The NSW Aboriginal Land Council has urged all key stakeholders to expedite their investigations and actions to address asbestos contamination within the South Coast Aboriginal community of Wallaga Lakes.

"It is clearly a health issue of considerable concern which needs immediate action," said NSWALC's Chairperson, Bev Manton.

Ms Manton said that reports of dangerously-high levels of asbestos found scattered around the community on front lawns, underneath a community building and in the local tip is unacceptable.

"I urge all parties, State or Federal, local or community-based to work together to find an urgent solution."

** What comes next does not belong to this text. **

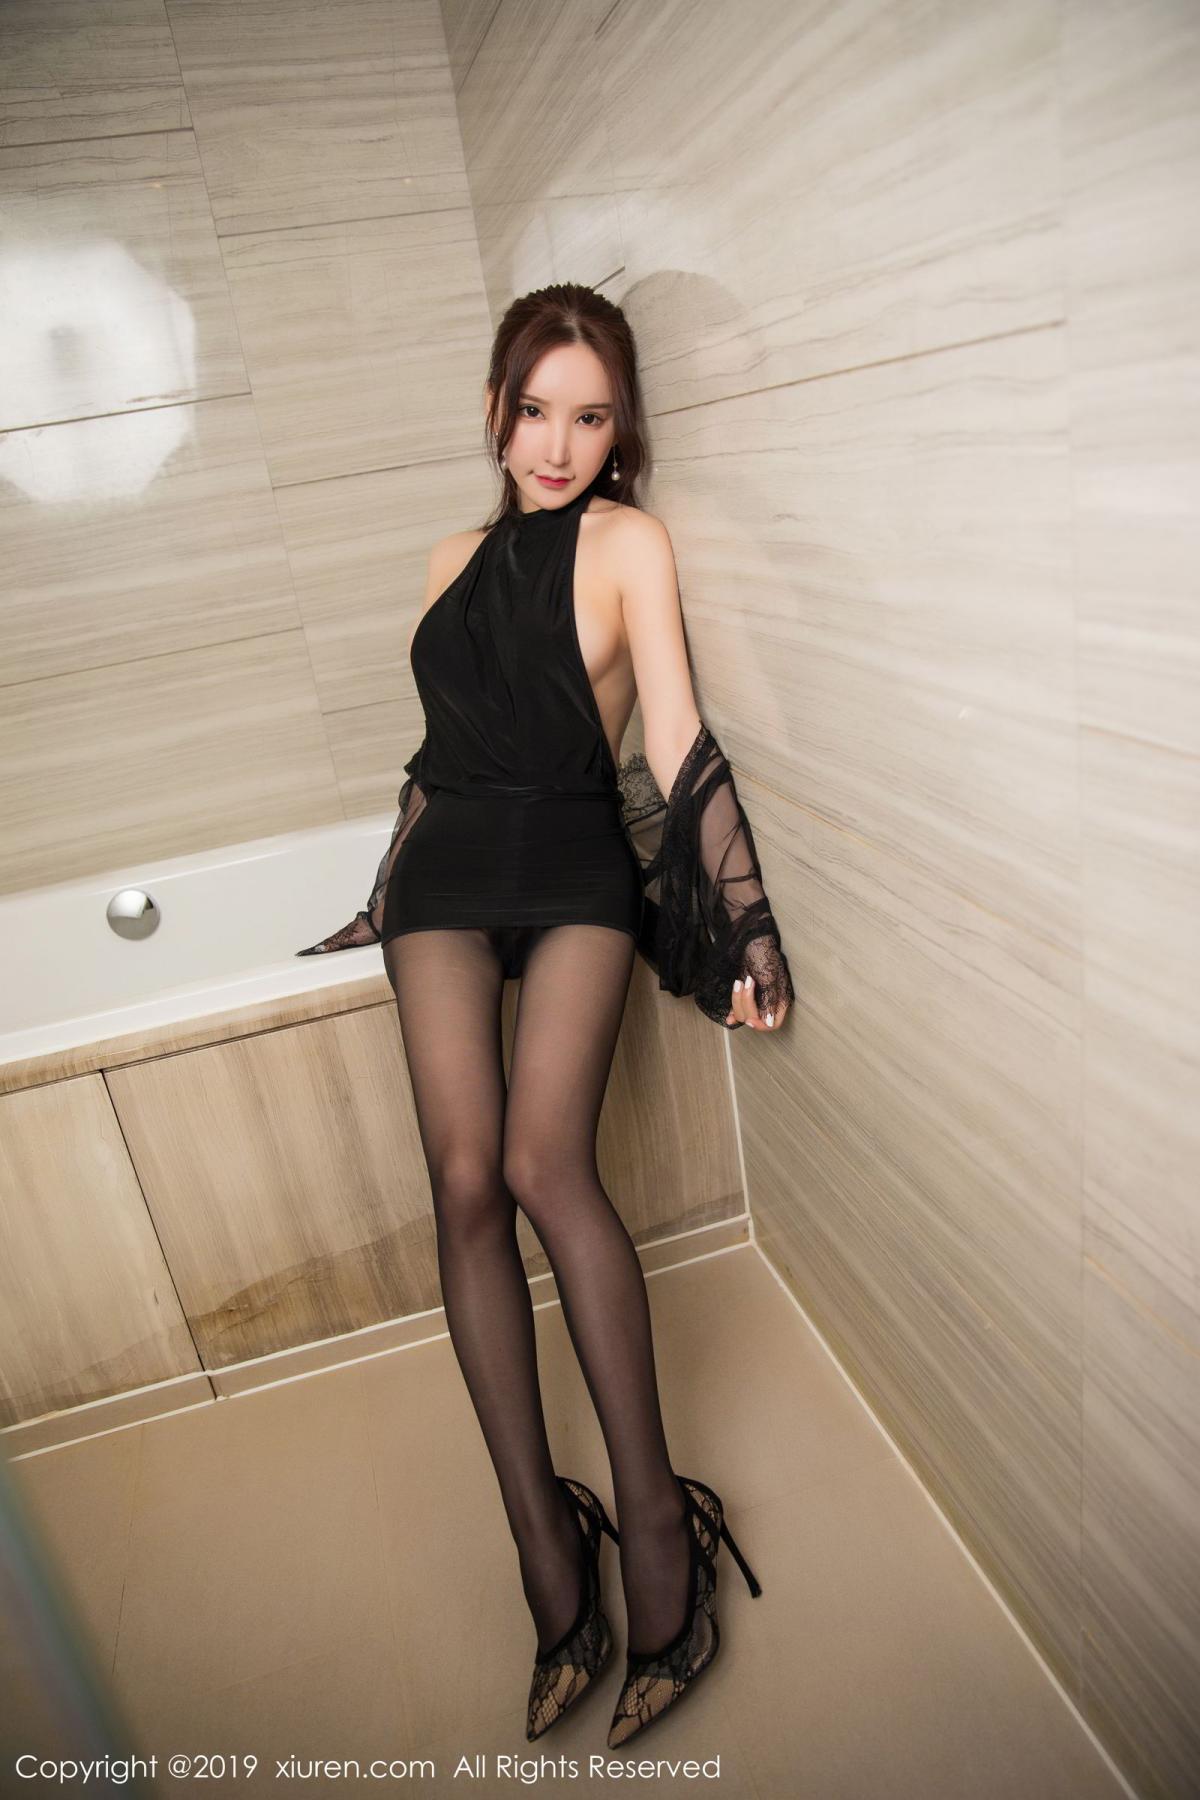 [XiuRen] Vol.1556 Zhou Yu Xi 17P, Bathroom, Black Silk, Tall, Underwear, Xiuren, Zhou Yu Xi

"There's talk about closing the gap and here's a perfect example for Governments to take some immediate action and save lives," she said.

Ms Manton said that representatives from the State Department of Environment and Climate Change (DECC) and the NSW Department of Health visited the community yesterday.

"I understand that they've taken samples of the asbestos for further analysis and will also look at having an environmental hygienist at the community early next week to conduct comprehensive assessment."

Ms Manton said that NSWALC raised the issue of asbestos contamination in Wallaga Lakes as a matter of urgency with the NSW's Minister for Aboriginal Affairs Paul Lynch during a Council meeting in Sydney late yesterday.

"To see and hear of people - especially children - living in this level of contamination on a daily basis is disturbing," she told Minister Lynch.

NSWALC's Councillor for the South Coast Region, Jack Hampton, said that he has visited the community last week and met with the Merrimans Local Aboriginal Land Council to assess first hand the extent of the contamination.

"I am shocked by the levels of contamination which has some experts indicating that it's the most serious situation they've ever seen in any community."

Cr Hampton said that the asbestos pits scattered across the community could have been the result of the way the houses were demolished and rebuilt in the 1990s.

"Clearly, it is long overdue for resolution." he concluded.